No Mexican president in modern times has faced the array of problems--from economic crisis to armed insurrection--that Ernesto Zedillo has in his first 21 months in office. Yet, Zedillo does not appear overwhelmed. Indeed, he is no longer the accidental candidate who filled the political vacuum created by the assassination of Luis Donaldo Colosio, his party’s presidential candidate, in March 1994. Zedillo confidently predicts that he will pull his country out of its state of emergency in the near future.

Unfortunately for him, such confidence is not widely shared in other quarters of Mexico--especially where there are strong doubts about Zedillo’s abilities as a leader.
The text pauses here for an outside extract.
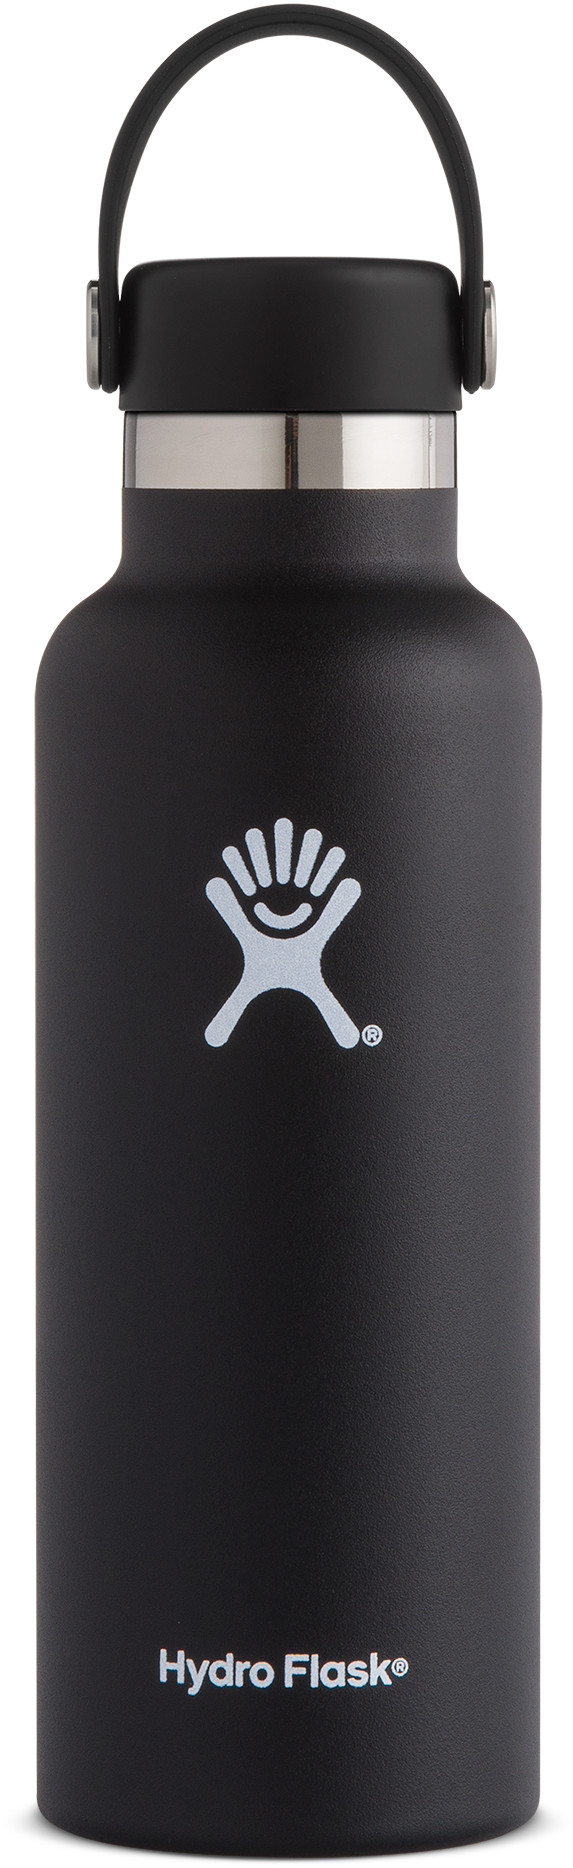 Hydro Flask Standard-Mouth Vacuum Water Bottle with Flex Cap - 18 fl. oz.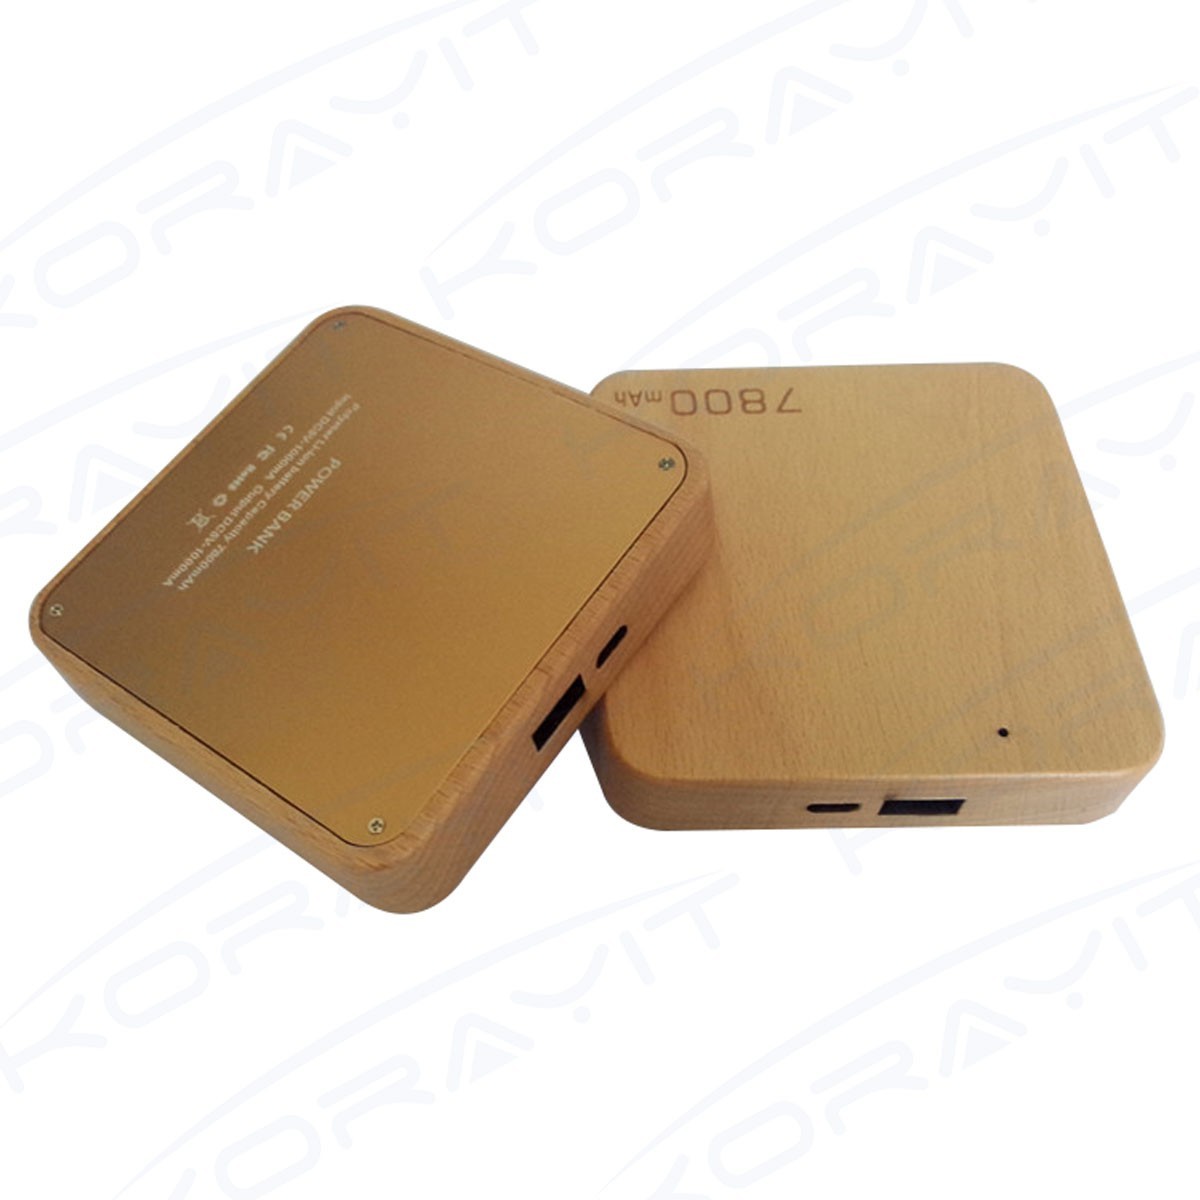 China Wood Box Shape Power Bank 5200mAh,External Battery Pack Promotional Gifts wholesale

Until now, the Zedillo administration, with public support, has been able to pass most of the blame for the country’s ills onto the previous administration of Carlos Salinas de Gortari. This has given Zedillo the freedom to make progress on some key fronts. He has adjusted the economy to a devalued peso and brought about the start of a recovery. He has successfully negotiated an agreement among Mexico’s major political parties to achieve political reform. He has strengthened the muscle of the judiciary branch by reconstituting the supreme court and purging the ranks of the corrupted federal police. He has called in the military to cleanse Mexico City’s police force. He claims to have captured the hired guns who killed Colosio and another prominent politician.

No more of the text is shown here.